Таким жестом, судя по всему, было и знаменитое «Стать бы снова приморской девчонкой…», написанное (скорее всего) после 4 апреля 1913 года.
Напомню этот текст:
Почему я предполагаю, что процитированное стихотворение написано после 4-го, но не позже 7 апреля 1913 года, а не осенью, как датировала их сама Ахматова, и не в феврале, как полагают составители шеститомного собрания ее сочинений? Потому, что 4 апреля в петербургской квартире Недоброво состоялся литературный обед по случаю открытия «Общества поэтов». Городская квартира Николая Владимировича и Ольги Александровны Недоброво, в которую А.А. попала впервые 4 апреля 1913 года, была не просто богатой или стильной. Она была подчеркнуто, с вызовом эксклюзивно-антикварной. И мебель, и сервировка – музейных кондиций. Хозяин, офраченный и опроборенный, – в черно-белом. Хозяйка – в фамильных бриллиантах. Словом, антураж оказался до того чужеродным, что
Блок, приглашенный на открытие, прочитав, как было договорено, «Розу и крест», откланялся. Была ли это реакция на фамильные бриллианты супруги приятеля, Анна не поняла, но таким равнодушным, душевно уставшим от своей «признанности» и не по возрасту дряхлым она его еще никогда не видела…
Обед незаметно перешел в ужин, разумеется, при свечах, свечи – в канделябрах итальянского XVI века… Вернулась Анна Андреевна в Царское поздно, а утром наконец выяснилось, чем же все последние месяцы был так таинственно занят ее муж. Оказывается, подготовкой к очередной африканской экспедиции! На сей предмет милый его племянник, по настоянию обожаемого дядюшки, совершенствовался в фотографии, учился стрелять и т. д. и т. д. Анна кинулась к золовке. Шурочка расплакалась. У них все готово – и бумаги, и деньги, и патроны. Военное ведомство выдало пять ружей, тыщу патронов, а от Академии наук еще и 600 рублей. Я ему… А он мне… Ты случайно не знаешь, что такое амок? Амок? При чем тут амок? Да это Коля, мой, так говорит: африканский амок.
Воистину – амок, влеченье, род недуга. Но это у Коли-маленького – амок. Николай Степанович на одержимого не похож. Тут что-то другое, посложней.
Весна была ранней. У соседей справа мыли окна, и кто-то очень юный пел под гитару:
… И не от счастия бежит? И счастия не ищет? «Я конквистадор в панцире железном…»? Как же поздно она догадалась, откуда у Колиного «конквистадора» «железный панцирь»! «Нет на устах моих грешных молитвы, нету и песни во славу любезной, помню я только старинные битвы, меч мой тяжелый да панцирь железный». А как могла позабыть про его отроческий Кавказ?

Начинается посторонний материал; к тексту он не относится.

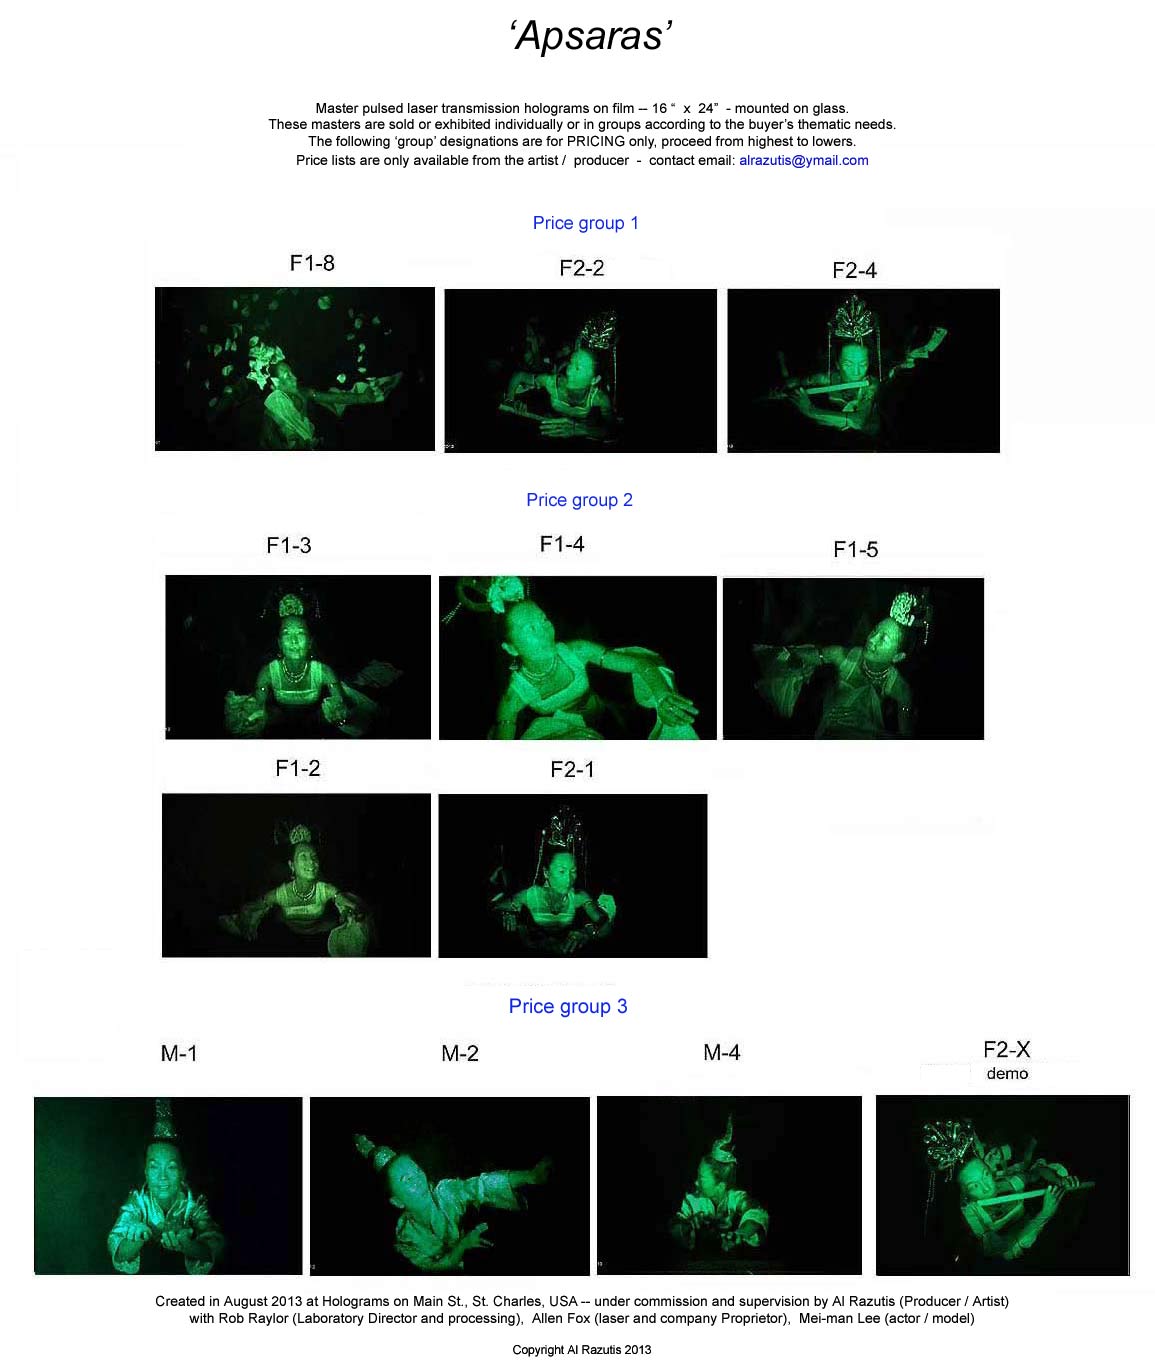 enlarged image - Apsaras by Al Razutis 2013 pulsed laser master transmission holograms

Он же говорил, рассказывал, что исходил с ружьем заросшие диким лесом окрестности Тифлиса! У нее – Крым. Ясный. Античный. Пушкинский. У него – Кавказ. Лермонтовский. «Тот чудный мир тревог и битв»! Сколько разговоров, толков, соображений о Брюсове, Анненском, Пушкине! О Лермонтове ни слова. Ну, прямо по Блоку: чем реже на устах, тем чаще в душе. У нее и Царское – пушкинское. У него – лермонтовское. У нее – «смуглый отрок». У него – маленький гусар. И не от Лермонтова ли у Гумилева кавалерийские мечтания? Свекровь на днях вспоминала, как младший сын, восьмилетний, услышав краем уха, что отец собирается купить маленькую усадьбу, заявил: не стану там жить, если не будет лошадей. Все с ума сходят, мечтают об автомобилях, запах бензина слаще шартреза. А ему – кони-лошади и обязательно верховые. Впрочем, не все. Зенкевич тоже вздумал заняться верховой ездой. Но тот в степи вырос, при табунах и табунщиках, а Коля? Внук рязанского дьячка, сын корабельного врача, племянник контр-адмирала…

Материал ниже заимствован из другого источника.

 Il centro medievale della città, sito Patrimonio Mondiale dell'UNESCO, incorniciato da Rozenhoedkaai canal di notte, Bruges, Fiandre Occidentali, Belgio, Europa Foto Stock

Из филологических расследований Анну вывела Ольга Судейкина. В Царском Оленька почти не бывала – не любила пригородных поездов. И если преодолела железнодорожное предубеждение, значит, что-то случилось. И впрямь случилось. С Всеволодом Князевым, ее поклонником. Попытка самоубийства. Причастие к смерти Князева Ольга решительно отрицала, доказывая Анне, что Всеволод просто запутался, хотел вырваться, уйти от кузминских «юрочек», стать нормальным, не «голубым», а как вернулся в полк, там такие же педерасты накинулись на него, мерзавцы. Вот и не выдержал. Но про них-то здесь никто не знает, обвинять меня будут. Родные уж точно будут.
Ахматова Коломбине не поверила. «Юрочки» так на женщин не смотрят, как Князев на Ольгу смотрел. Это с ним она в ресторане была, когда Блок послал ей черно-красную, почти черную розу… «Я послал тебе черную розу в бокале золотого, как небо, Аи…»
– Насмерть? Совсем?
– Пока жив, но безнадежен.
Сведения, которыми располагала Ольга Афанасьевна, оказались верными. В Вербную субботу, 6 апреля 1913 года, из Риги на адрес О.А.Судейкиной пришла телеграмма с сообщением о смерти Всеволода Князева, поэта и офицера. А на следующий день, 7 апреля, Николай Степанович уехал на полгода в Африку.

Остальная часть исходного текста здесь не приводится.